Laatste nieuws
P. Schoorl
5 minuten leestijd

In de mangel

Plaats een reactie

Verzekeringsarts UWV komt door aanscherping in problemen



Het inlevingsvermogen van UWV-verzekeringsartsen wordt sinds de aanscherping van de herbeoordeling geregeld op de proef gesteld. Empathische gevoelens staan haaks op de opvattingen over hoe deze arts volgens zijn werkgever en de maatschappij zou moeten handelen.


Nauwelijks antwoord


Hans is schilder in loondienst, maar in 1994 begint hij op advies van zijn huisarts voor zichzelf. In loondienst voelde hij zich in toenemende mate bedreigd. Hij werd gepest en ontwikkelde angsten. Hans is altijd alleenstaand geweest. Als zelfstandige heeft hij het gered tot het jaar 2000. Volgens de dossiergegevens is toen een depressie met angsten geconstateerd.
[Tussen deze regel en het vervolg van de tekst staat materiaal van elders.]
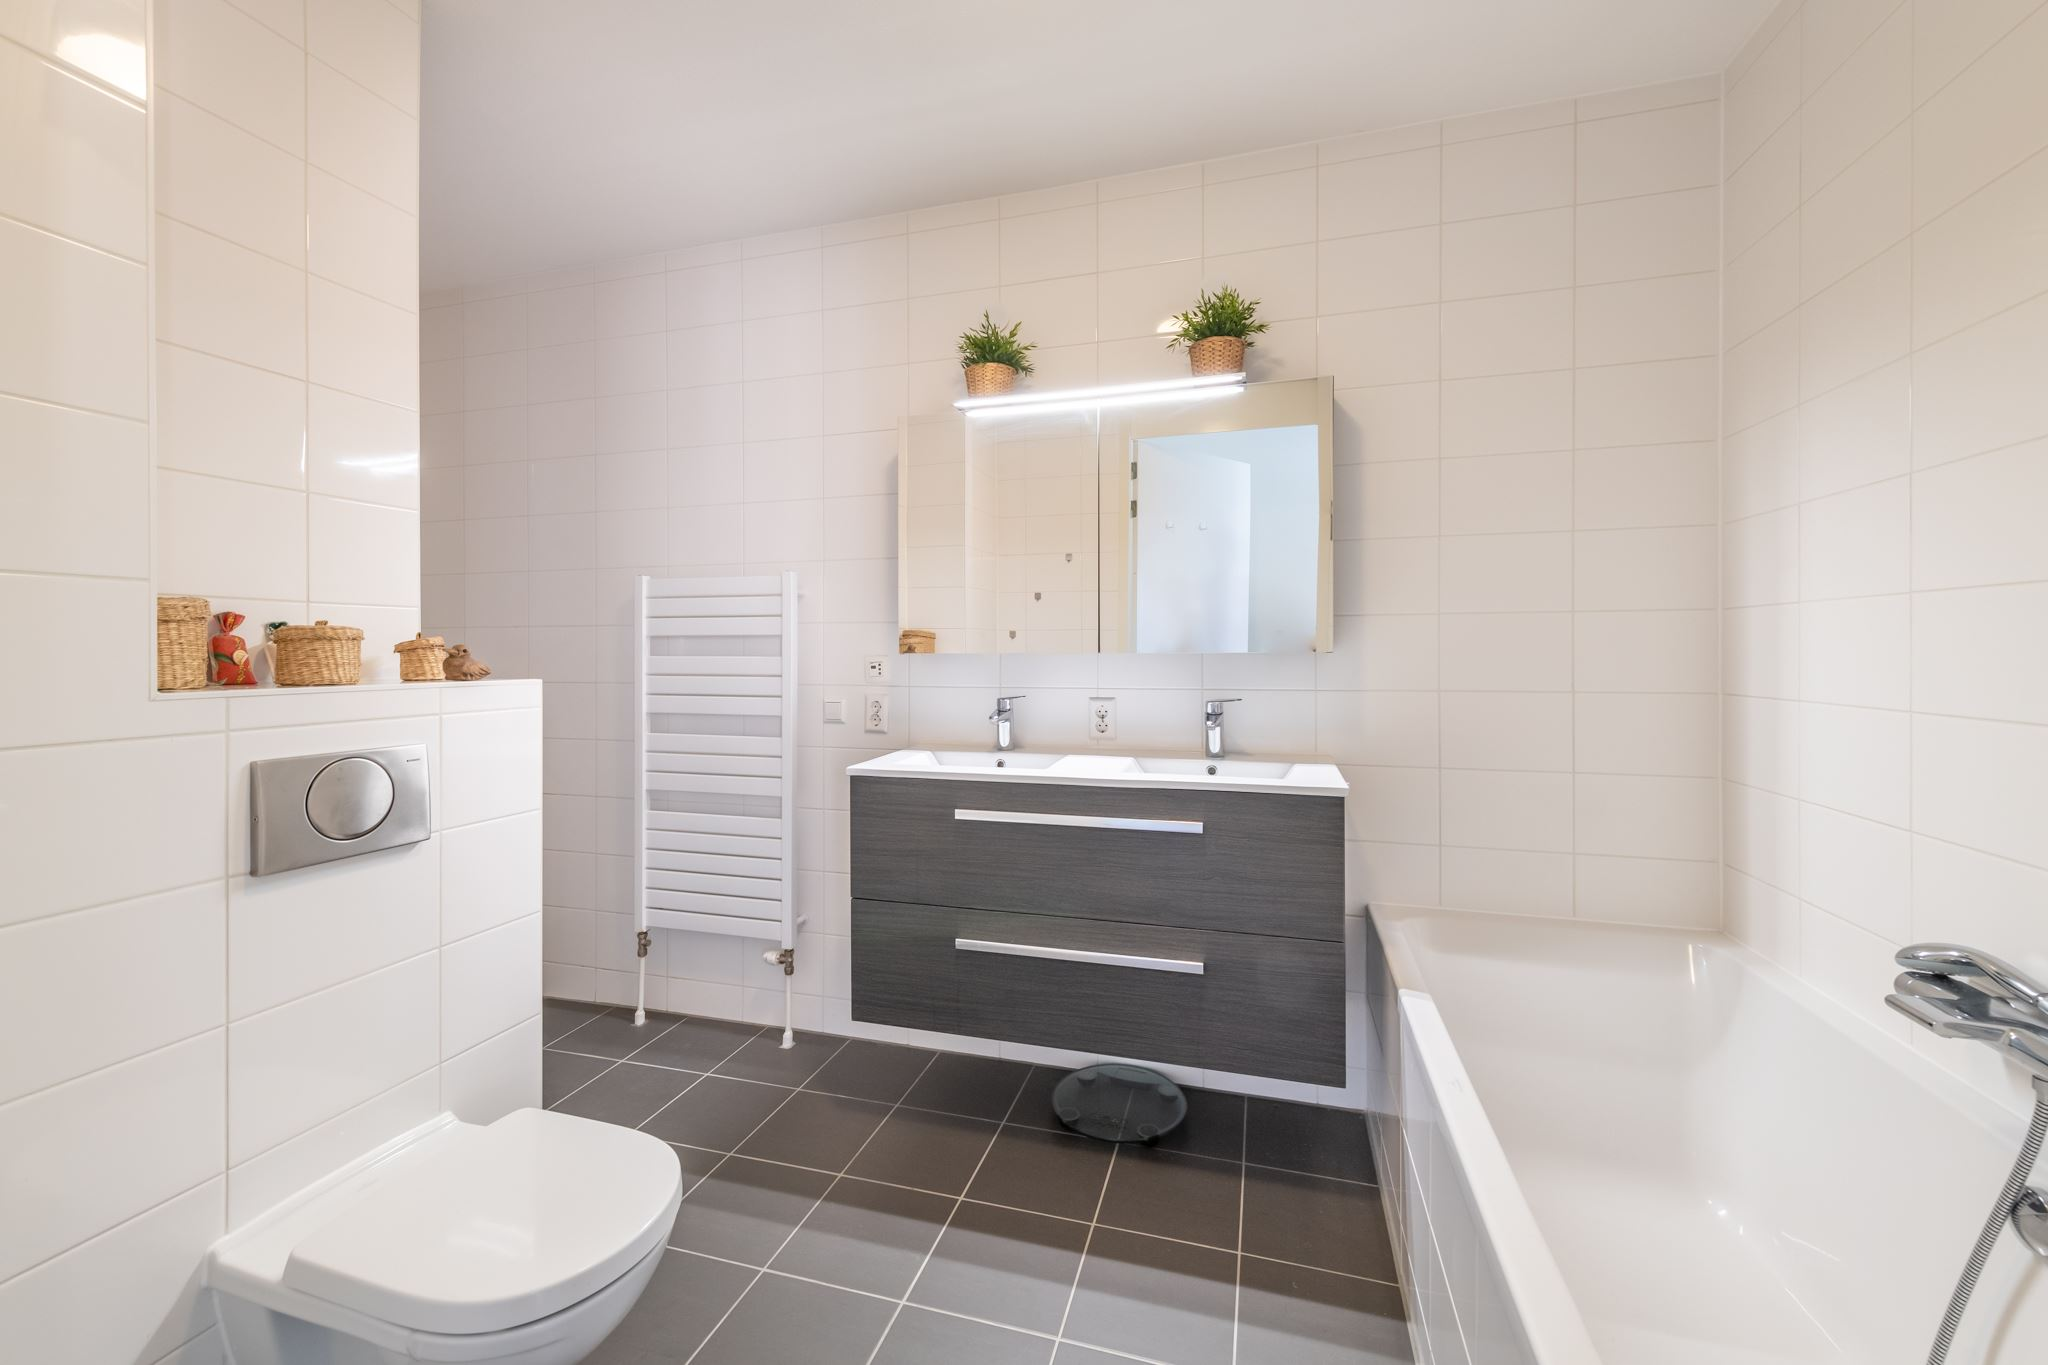 Apartment for sale oranje vrijstaatkade 10 1093 ks for Funda amsterdam watergraafsmeer

In het kader van het aangescherpt Schattingsbesluit arbeidsongeschiktheidswetten bezoekt hij mij (verzekeringsarts) in 2005 samen met zijn vader. Hans geeft nauwelijks antwoord. Bij wat doorvragen, komt hij angstig over en ook de tremor neemt fors toe. Hans is bleek en zeer tenger. Zijn vader meldt onder meer dat zijn zoon bij vertrouwde klanten wat klus- en onderhoudswerk doet voor circa 10 uur per week. Meer is in verband met Hans’ chronische vermoeidheid onmogelijk. Andere contacten dan met trouwe klanten heeft hij niet. 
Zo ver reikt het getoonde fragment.